From the first line to the last, copy the data exactly and drop the pictures.

• **SOURCE MATERIAL**
= = = =

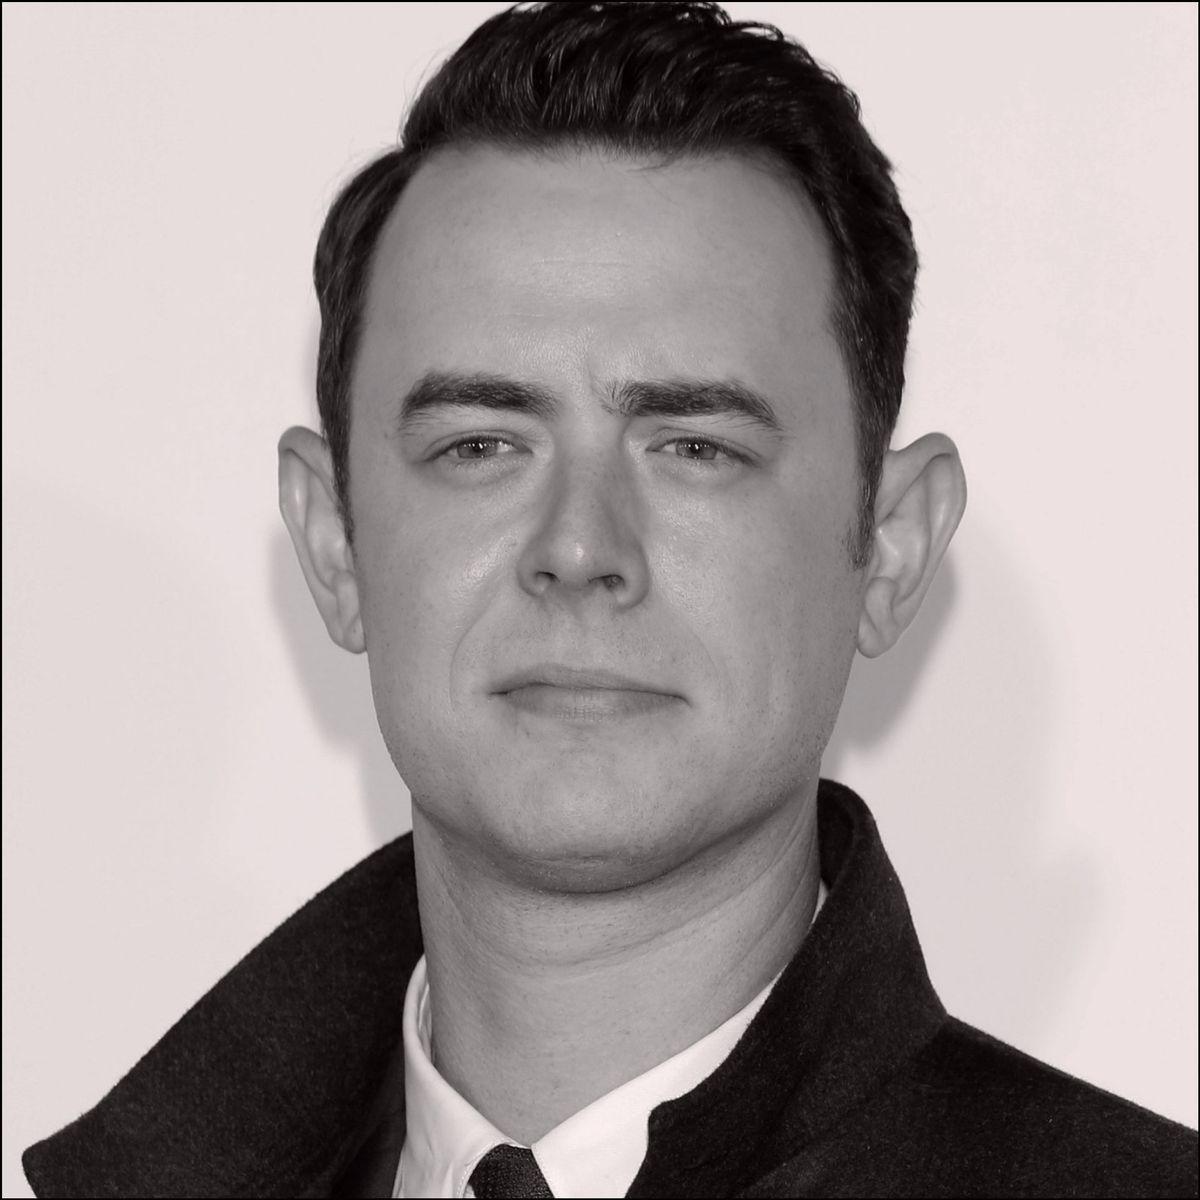 Colin Hanks
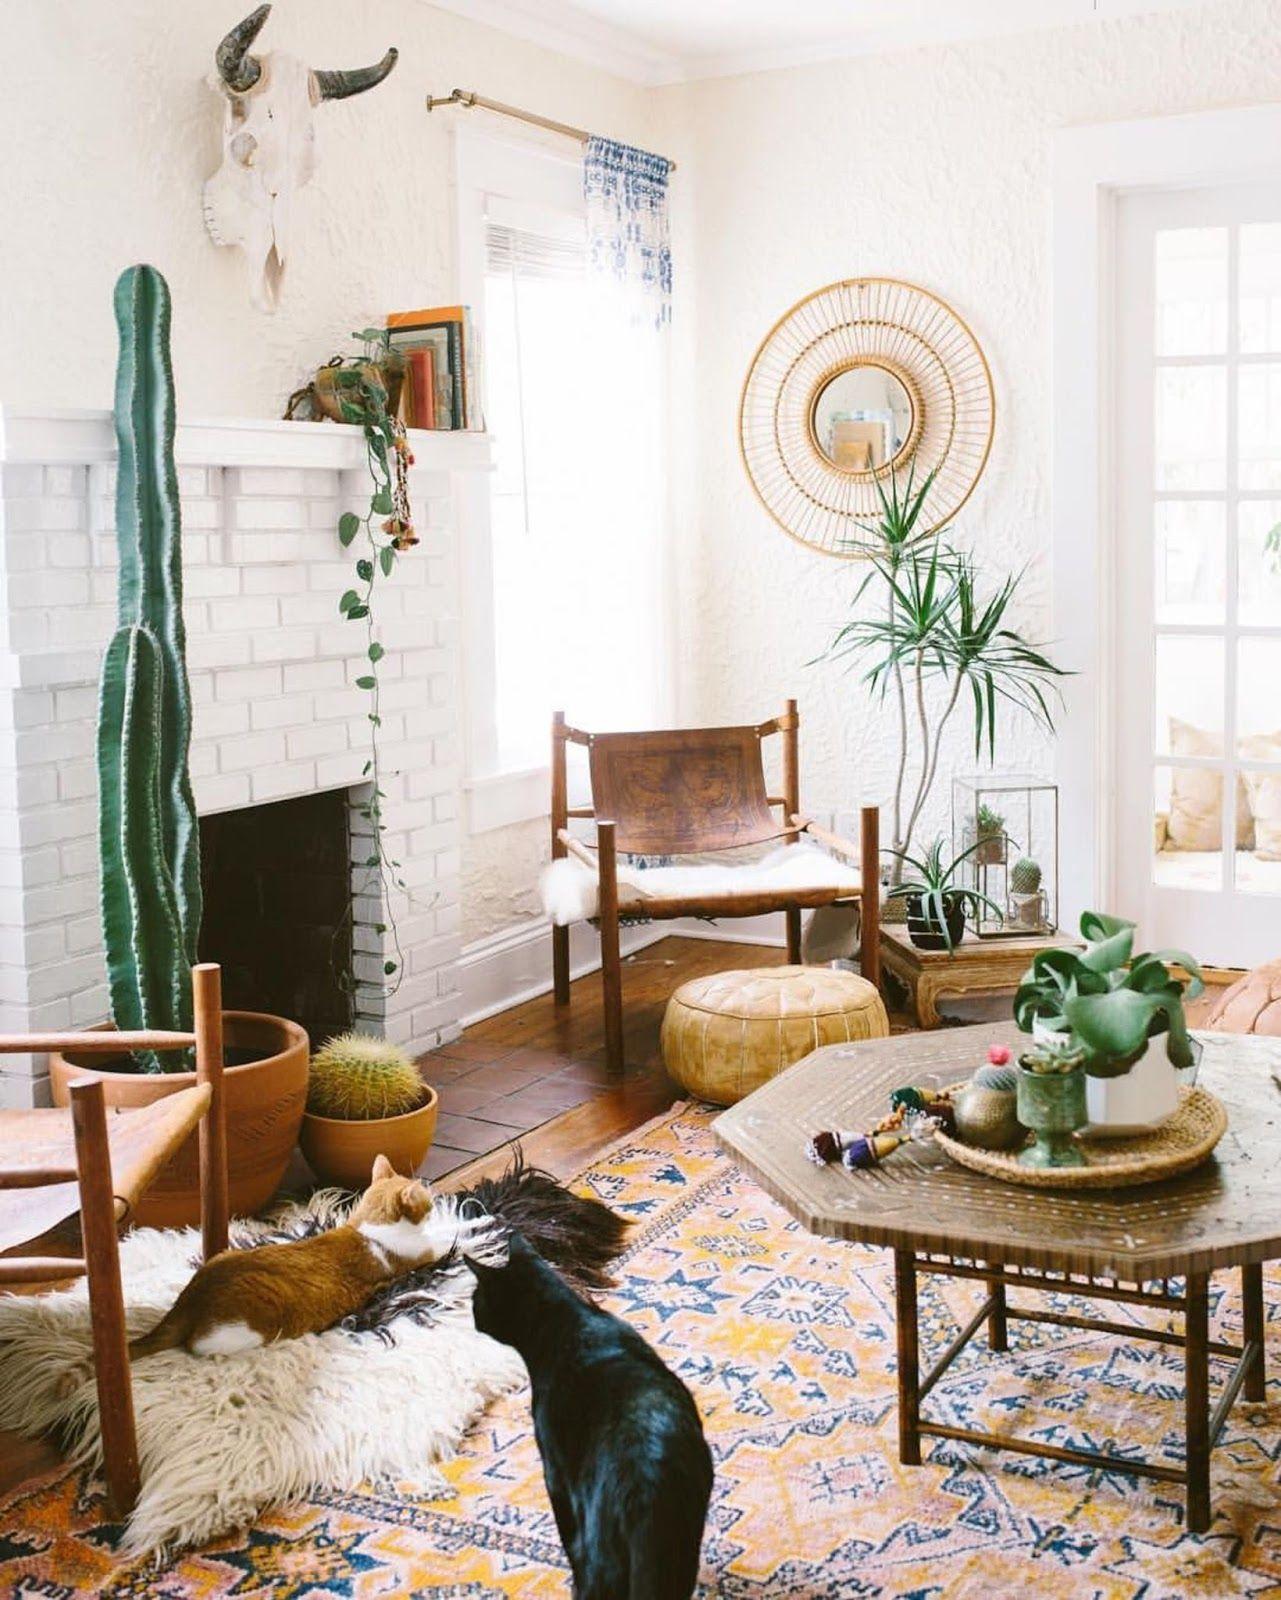 e83e546a87 10 Beautiful Boho Chic Interiors     A Roundup by Design Fixation
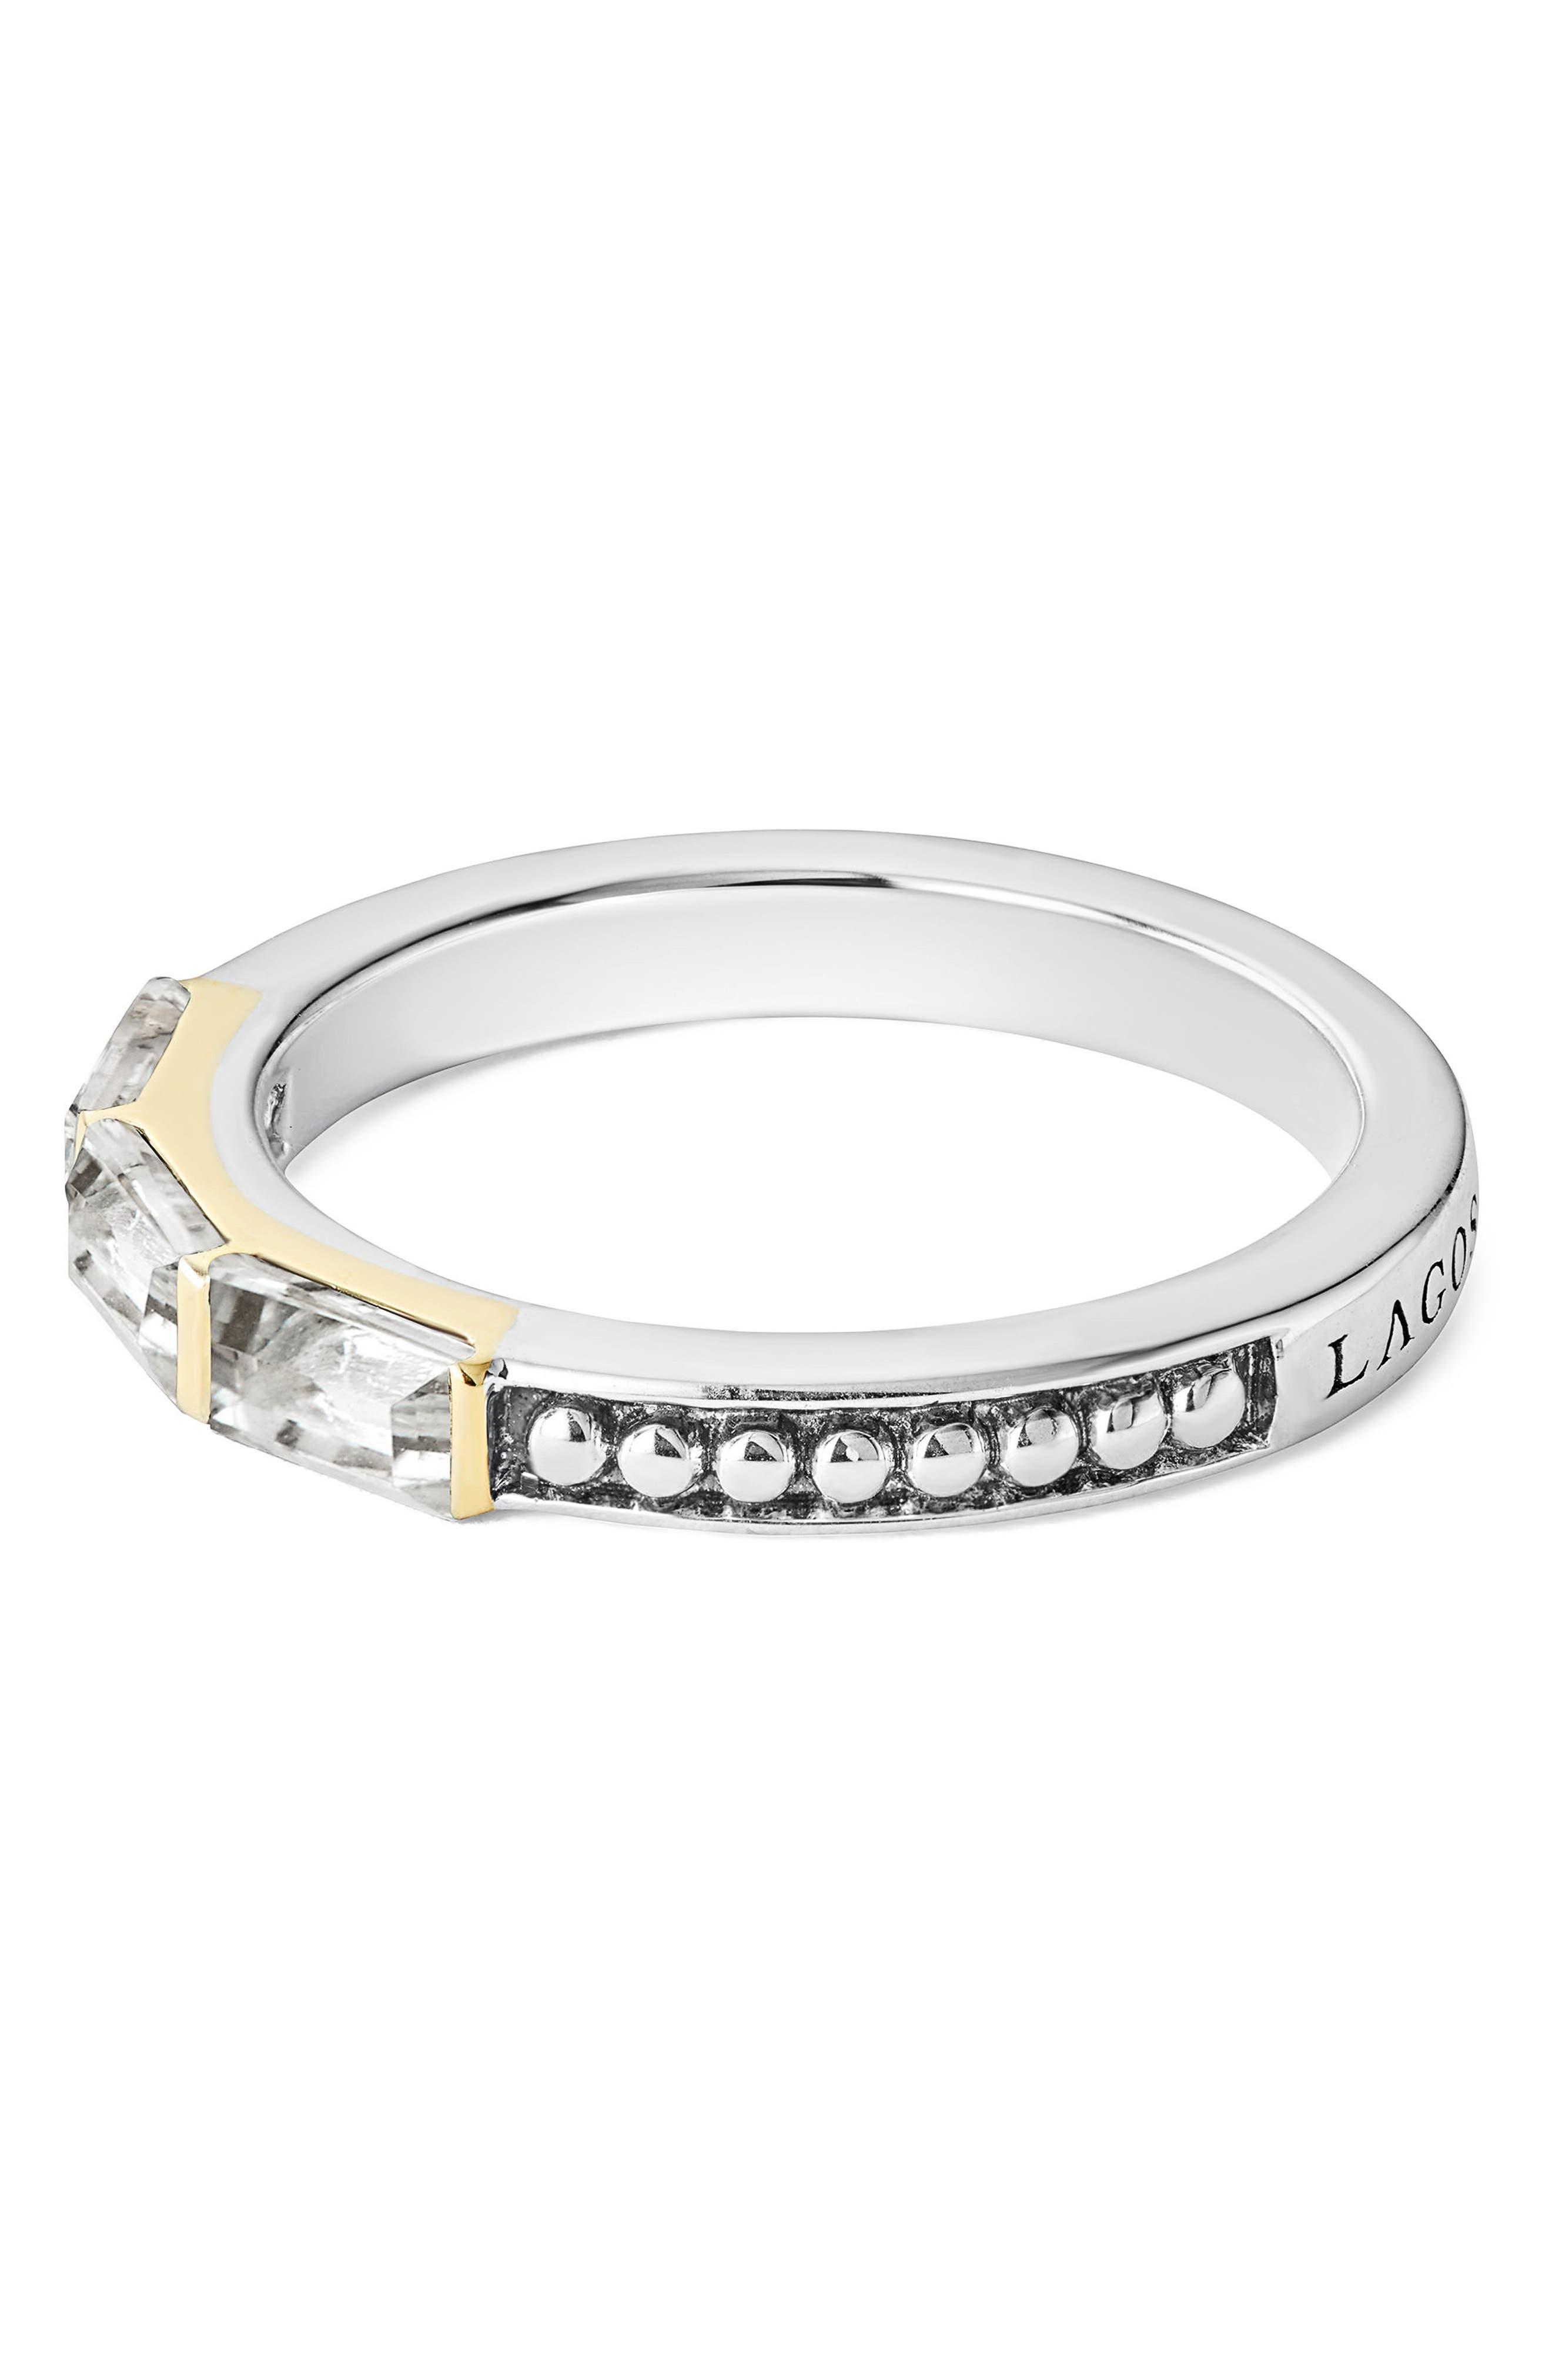 Gemstone Baguette Stackable Ring,                             Alternate thumbnail 2, color,                             SILVER/ 18K GOLD/ WHITE TOPAZ

= = = =

• **SOLUTION**
 Colin Hanks
 e83e546a87 10 Beautiful Boho Chic Interiors     A Roundup by Design Fixation
 Gemstone Baguette Stackable Ring,                             Alternate thumbnail 2, color,                             SILVER/ 18K GOLD/ WHITE TOPAZ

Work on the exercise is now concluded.